We correct the record openly. This policy sets out how we handle errors in published research, how we classify them, and how you can report one.

This policy is effective from 12 May 2026. It applies to all research the International Research Institute publishes, and forms part of our editorial standards. Correcting the record when we get something wrong is a condition of publishing, not an exception to it.

Our principle

Independent research is only as trustworthy as its willingness to be corrected. When we become aware of an error, we assess it promptly, act in proportion to its significance, and record what we changed and why. We do not quietly alter published conclusions.

How we classify changes

  • Minor amendments— typographical fixes, broken links, formatting and other changes that do not affect the meaning or findings. These are made without a formal notice, though the document’s version and date are updated.
  • Corrections— changes that affect a figure, a statement or an interpretation without undermining the study’s central findings. We publish a dated correction notice describing what changed, and preserve the earlier version on request.
  • Substantive corrections— changes that materially affect the conclusions. These carry a prominent notice on the publication and are recorded in the item’s history.
  • Withdrawal or replacement — where a study can no longer be relied upon, we withdraw it with a clear explanation, or replace it with a corrected version that is labelled as such.

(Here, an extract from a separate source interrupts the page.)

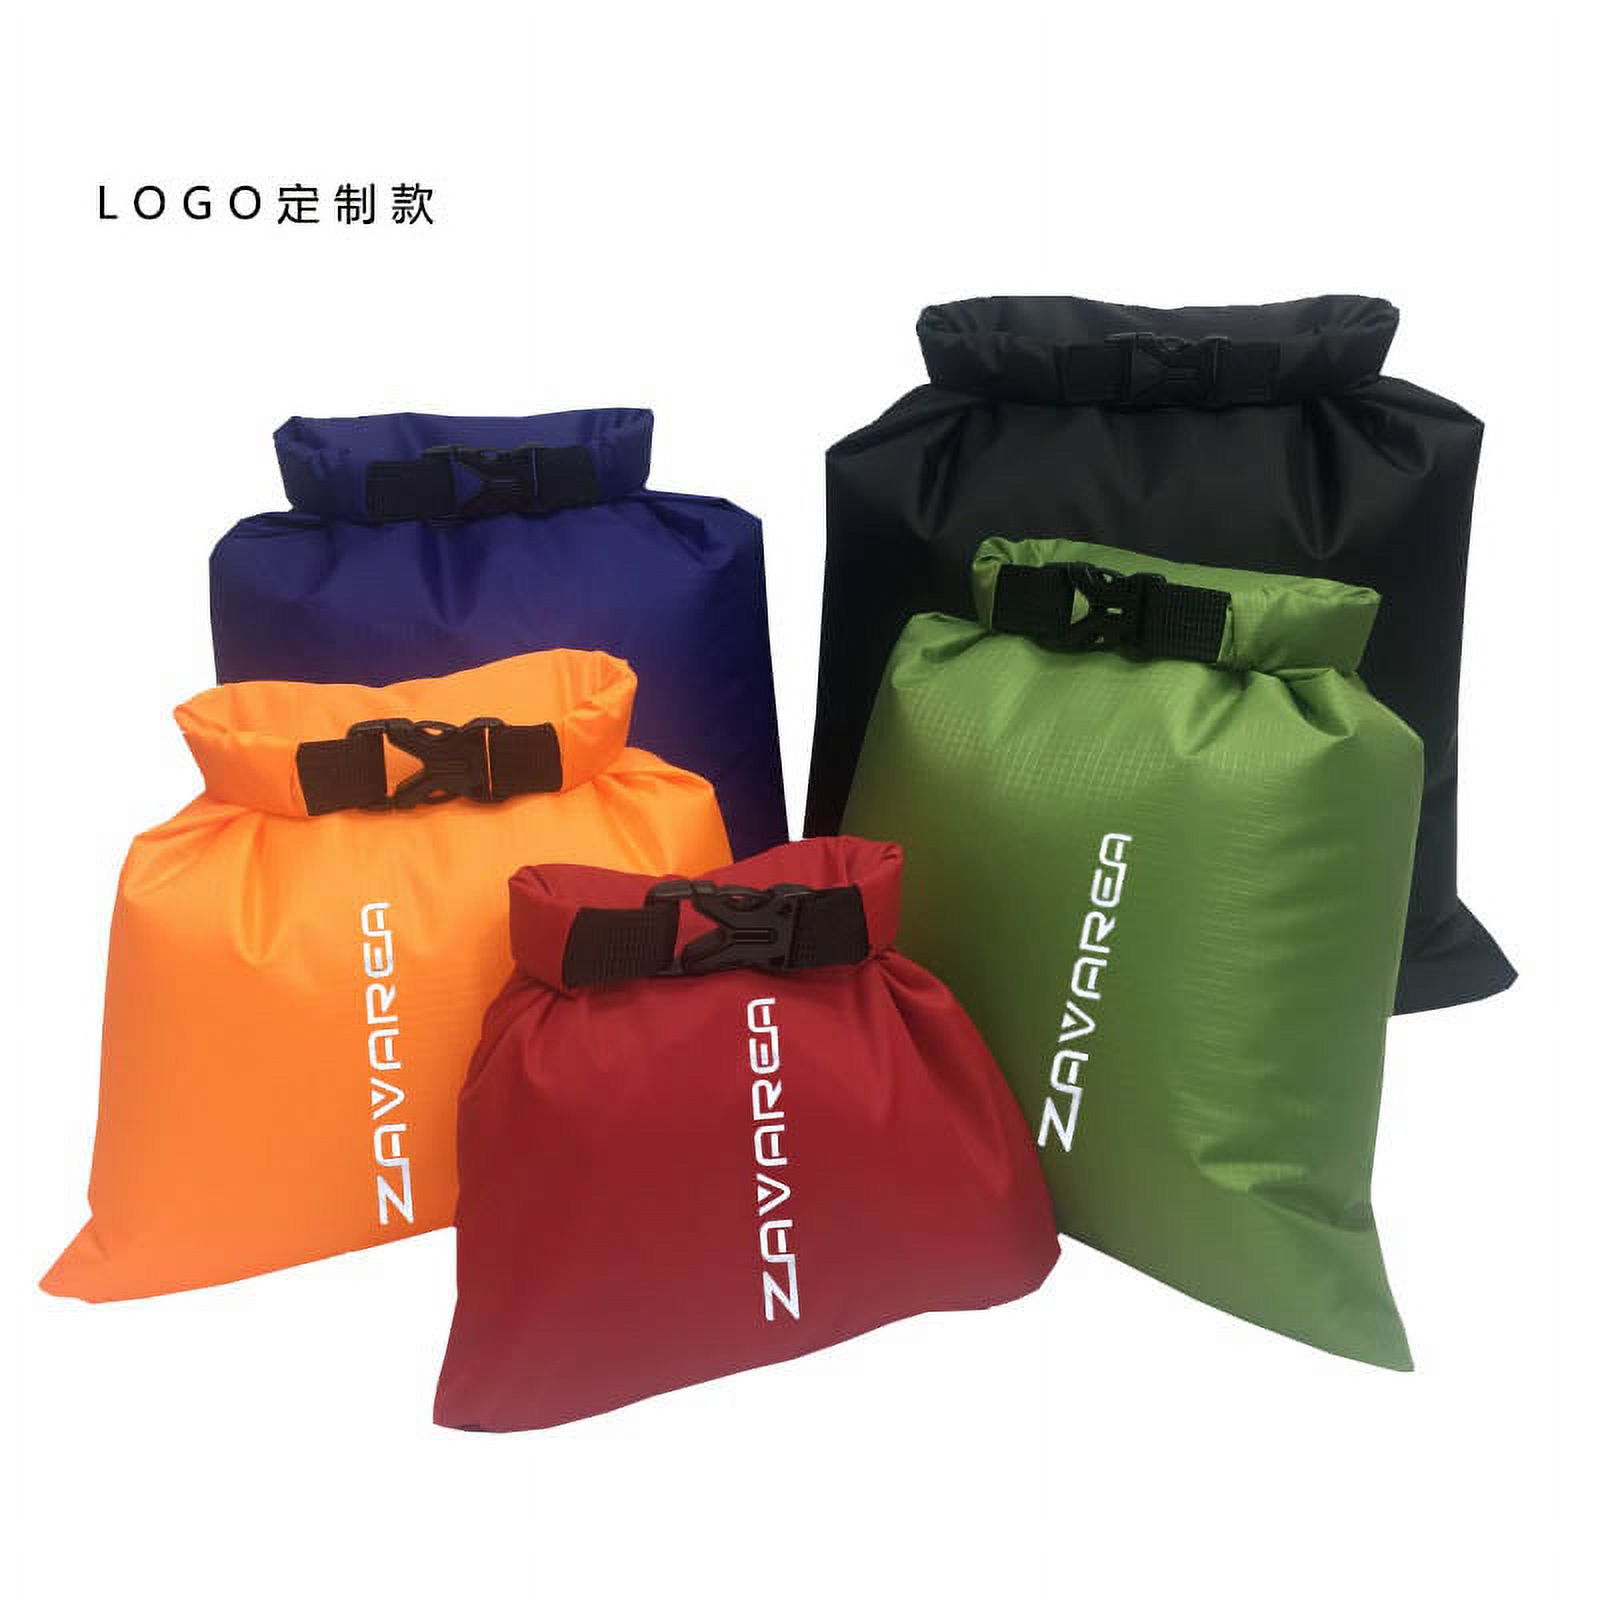 5Pcs/Set Waterproof Dry Bag, Roll Top Dry Compression Sack for Kayaking, Beach, Rafting, Boating, Hiking, Camping and Fishing - image 1 of 1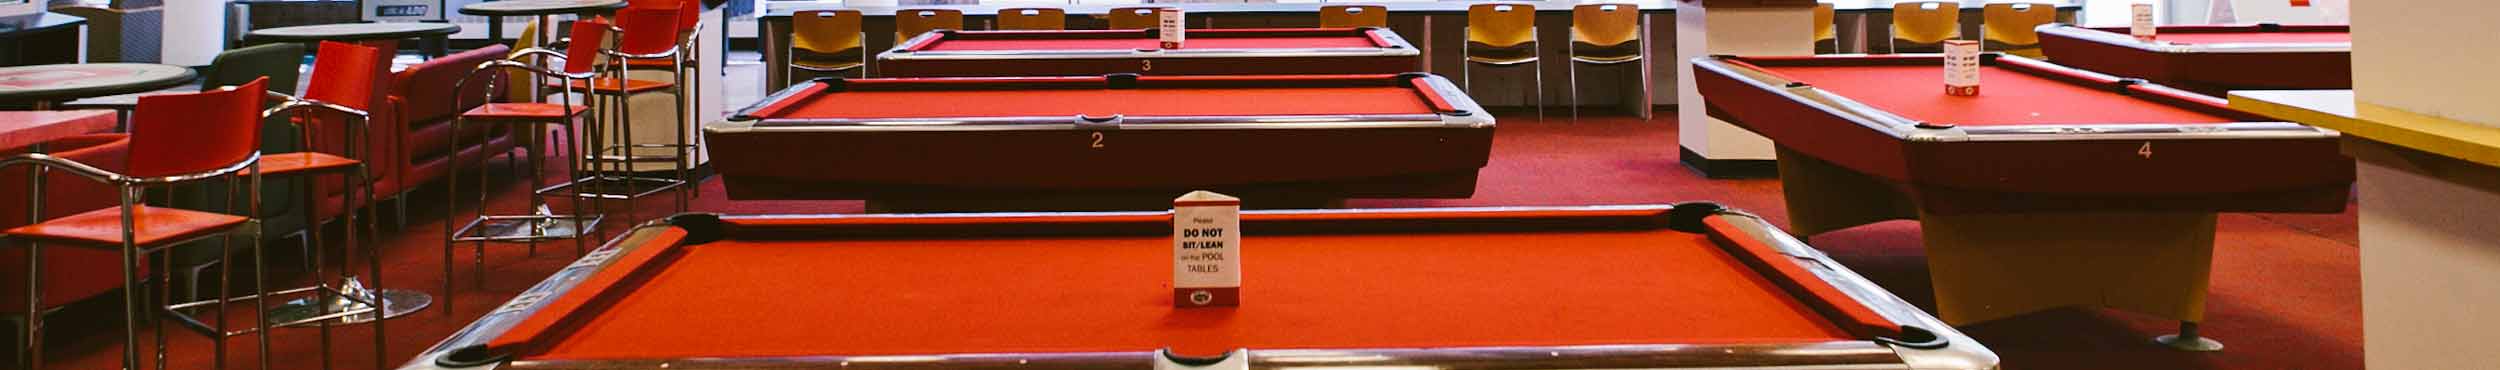 A photo of the Union billiards tables.

Versioning and transparency

Every published item carries a date and, where relevant, a version. When we issue a correction, the notice states the date, the nature of the change and its effect on the findings. Digital object identifiers continue to resolve to the current version, and we keep an internal record of what was changed so the history is auditable.

How we decide

Corrections are assessed by the research team responsible for the work together with our editorial function, independently of any funder or commissioning party. Where an error affects a study that informed public decisions, we prioritise a swift and visible correction.

How to report an error

If you believe you have found an error in our work, please tell us. Email corrections@internationalresearchinstitute.org or use our contact page, naming the publication and describing the issue as precisely as you can. We acknowledge reports promptly and explain what action, if any, we will take.

Related standards

This policy works alongside our editorial standards, our conflict of interest policy and our research independence commitments.